5. Can I augment/customize my 3pi by adding my own electronics/sensors?
   • Yes. The easiest way to augment your 3pi is through an expansion kit, which can comes either with cutouts that let you see the LCD below or without cutouts. The version without cutouts replaces the LCD, giving you access to more I/O lines and more prototyping space. An expansion kit is not required for addition of your own electronics, however.
   • The 3pi robot has a limited number of free I/O lines that can be used as inputs for additional sensors or to control additional electronics such as LEDs or servos. Please see section 10.c of the 3pi user's guide for more information.
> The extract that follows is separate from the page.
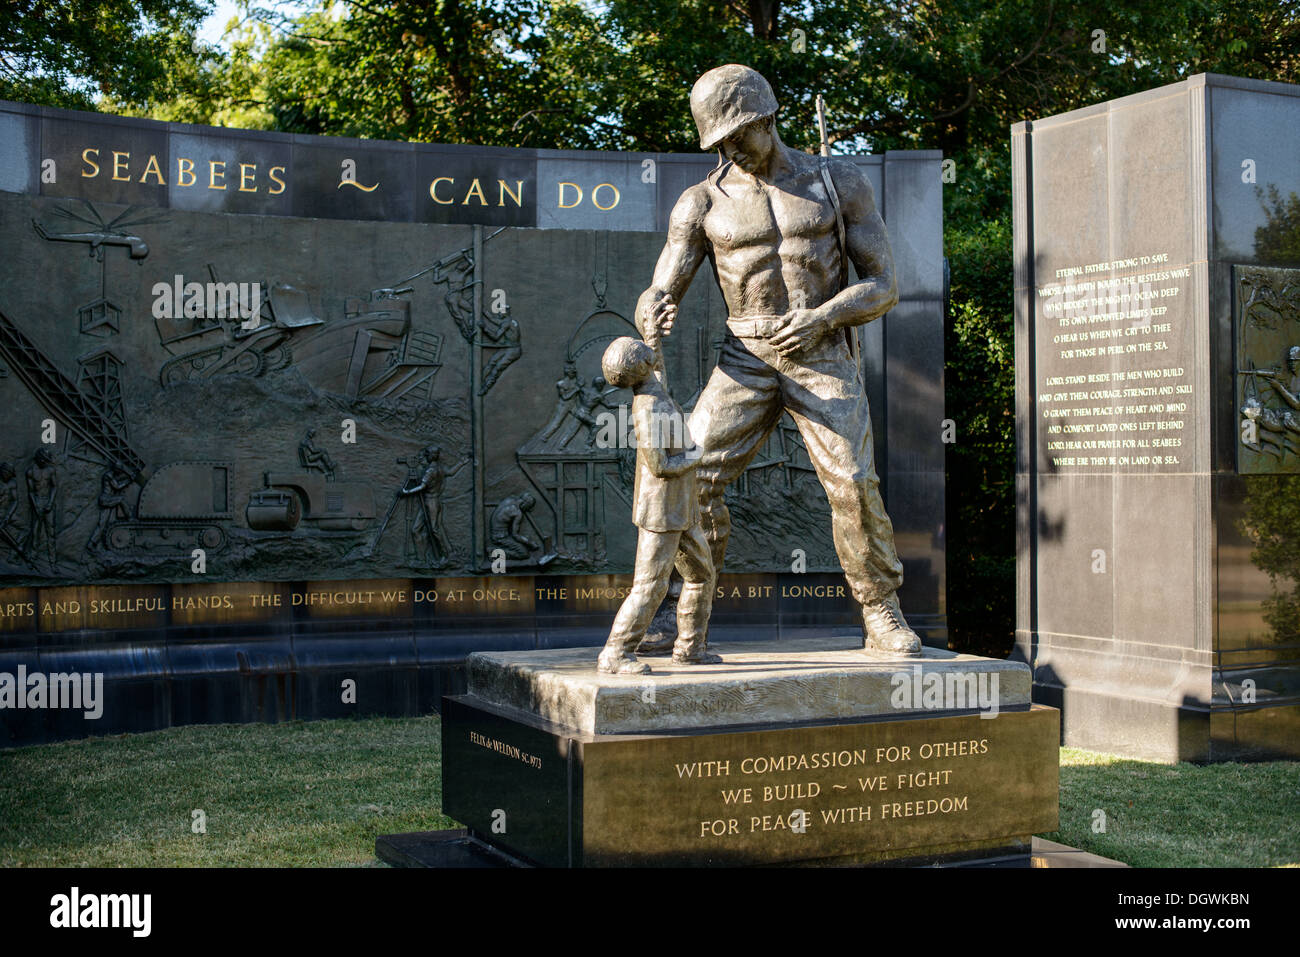 Ein Denkmal für Marine Seabees in Arlington National Cemetery in Arlington, Virginia, direkt gegenüber der National Mall in Washington DC. Stockfoto

6. Are wheel encoders included or can they be added to the 3pi robot? Are there sufficient I/O lines available for encoders?
   • Unfortunately, there is no provision for encoders on the 3pi: we do not have any sensor solution and the microcontroller does not have enough I/O lines. Therefore, the only way to add encoding is to make your own sensor setup and to use an external microcontroller (for example, on an expansion PCB) to do the sensor reading. The secondary microcontroller can communicate with the main 3pi controller using the asynchronous serial lines, which are available for expansion purposes.
7. I'm adding peripherals to the 3pi that require 5 V. How much current can the 5 V (Vcc) power bus supply?
   • Because the 5 V goes through two power stages, the answer is not completely clear-cut. The 5 V regulator itself has a 900 mW power dissipation limit, so with a 4.3 V drop from the 9.3 V boost voltage to 5 V, we get just over 200 mA. The stock electronics on the 3pi typically use under 50 mA (however, this depends on what your program is doing, if you are making high-frequency noise with the buzzer, and so on), so you could figure an absolute max of 150 mA, with 100 mA being a more comfortable guideline.
   • However, the boost voltage has a limit of its own of around 1 A, which is dependent on your battery voltage. The motors and IR LEDs also use this supply, so using a lot for your 5 V will affect what is available for the motors. You can almost stall the motors and still have the full boost voltage on the motors in the stock configuration; if you're also drawing an extra 200 mA for other electronics, the boost voltage will start dropping as the motors approach stall, though this is not necessarily a bad thing since it will limit the stress on the motors and lower the voltage drop on the linear regulator.
8. What is the purpose of the small piece of electrical tape stuck on the bottom of the 3pi PCB near the ball caster? Can I remove it?
   • The electrical tape provides extra protection for the boost regulator circuit. It is easy to touch this area of the PCB with your finger when pushing the power or reset button, and without the tape your finger can change the boost voltage to levels that are out of spec for components on the board. We do not recommend that you remove it.